Honda Says China Will Soon Overtake US As Largest Market

China’s rapid, credit-fueled boom is losing its punch as new credit creation is becoming less efficient at driving growth – despite the Communist Party reporting a 6.9% growth rate for 2017 (which conveniently surpassed the party’s “targeted” growth rate of 6.5% even though Chinese economic data is widely believed to be fabricated). And even though the risk of its economy collapsing in a mountain of bad debt remains ever-present, because there’s no telling when it’s “Minsky moment” will arrive, many economists believe its GDP will surpass the US some time during the next ten years, making it the world’s largest economy.

One UK think tank projected last year that China would overtake the US by 2032. But Honda implied an even faster shift in its latest sales guidance, where Japanese automaker behemoth projected that China will surpass the US as its largest market during the next couple of years, according to Reuters.


Sales in Asia have been so strong that the company lifted its full year profit outlook by 4%, with China leading the boom.

Indeed, while US sales stagnated last year, contributing to a 3% contraction in global sales, sales in China jumped 15.5% to 1.44 million units. In fact, Asia was the only region where Honda saw year-on-year sales growth in 2017. 

Honda, Toyota Motor Corp (7203.T), Nissan Motor Co (7201.T) and other Japanese automakers currently count the United States as their biggest market. But Honda has experienced explosive growth in China during the past three years, luring consumers with new offerings in the sport-utility vehicle (SUV) segment including its CR-V and Vezel models.

Last year, its China sales jumped 15.5 percent to 1.44 million units, even as overall vehicle market growth slowed to just 3 percent year-on-year, the weakest in at least two decades.

In contrast, sales in the United States, for decades Honda’s largest country market, were largely stagnant at 1.64 million vehicles last year, and significant growth is unlikely given that overall vehicle sales in the country are widely expected to retreat after peaking in 2016.

In the third quarter, Asia including China was the only region where Honda saw year-on-year growth in vehicle sales, while sales at home, North America, Europe and other regions fell. Honda expects Asia to overtake North America as its biggest source of annual vehicle sales for the first time this year.
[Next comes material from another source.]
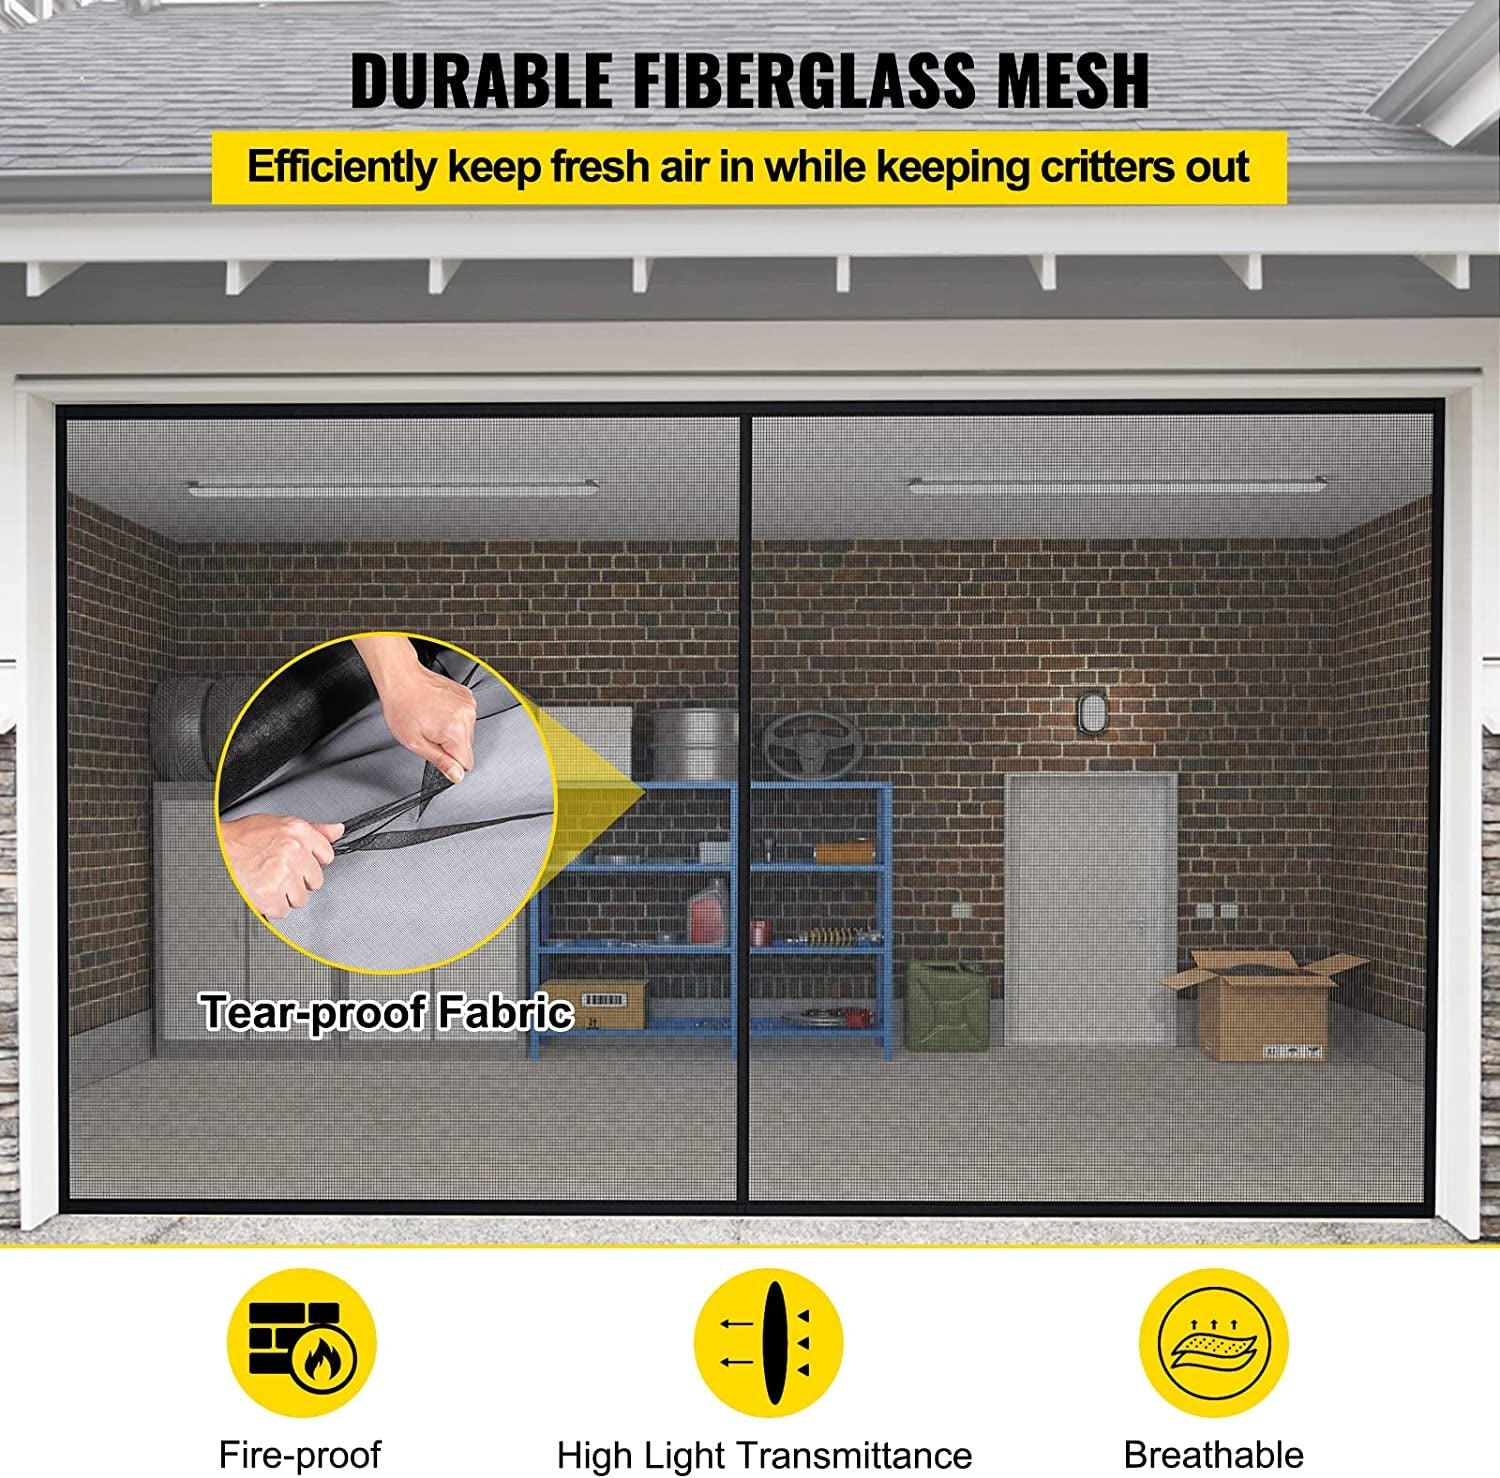 Garage Door Screen, 16 X 7 Ft for 2 Cars, 5.2 Lbs Heavy-Duty Fiberglass Mesh for Quick Entry with Self Sealing Magnet and Weighted Bottom, Kids / Pets Friendly, Easy to Install and Retractable - b13c4ef4-e9aa-49d7-93ba-5c9e9f049549-Quality Home Distribution

Because it relies on joint-ventures with local Chinese companies (as practically every foreign automaker is forced to do) Honda is scrambling to raise capacity, but said there might be some short-term difficulties until it completes a new plant in 2019.

Honda has been ramping up production in China, and Executive Vice President Seiji Kuraishi said that a further, significant rise in capacity would be difficult until it completes a new plant in 2019 through a joint venture with China’s Dongfeng Motor Group.

“We’re struggling to increase production in China, so it would difficult to match our sales in the U.S. market at the moment,” Kuraishi told reporters at a briefing.

“But given the current state of the market, it’s likely that China will overtake the United States soon.”

In keeping with China’s push to eventually phase out fossil fuels in cars to help combat its worsening pollution problem, Honda plans to launch a compact all-battery electric car in China later this year, and Kuraishi said that the company would also focus on developing car-sharing and other new mobility services for the country.

Expectations for stronger sales growth in Asia prompted Japan’s third-biggest automaker to raise its full-year forecast for operating profit to 775 billion yen ($7.06 billion), while it sees the yen averaging 110 yen versus the U.S. dollar in the year through March, from 109 yen previously.

While the latest forecast is an upgrade from a previous forecast for 745 billion yen, it still represents a 7.8 percent slide from a year prior, as costs for quality-related issues including recalls, along with investment for research and development offset higher sales and cost reductions.

Profit was 284.5 billion yen in October-December, up 37 percent from a year earlier, and exceeding a mean 281.6 billion yen estimate from 11 analysts polled by Thomson Reuters I/B/E/S.

2018 started off with a disappointment for the auto industry with total sales at 17.07mm SAAR (missing expectations and down from 17.76mm in Dec).

Meanwhile, after briefly spiking late last year, new car sales in the US started off 2018 with a disappointment. Domestic auto sales dropped notably to 13.10mm in January – that is the biggest Dec-to-Jan drop since 2010.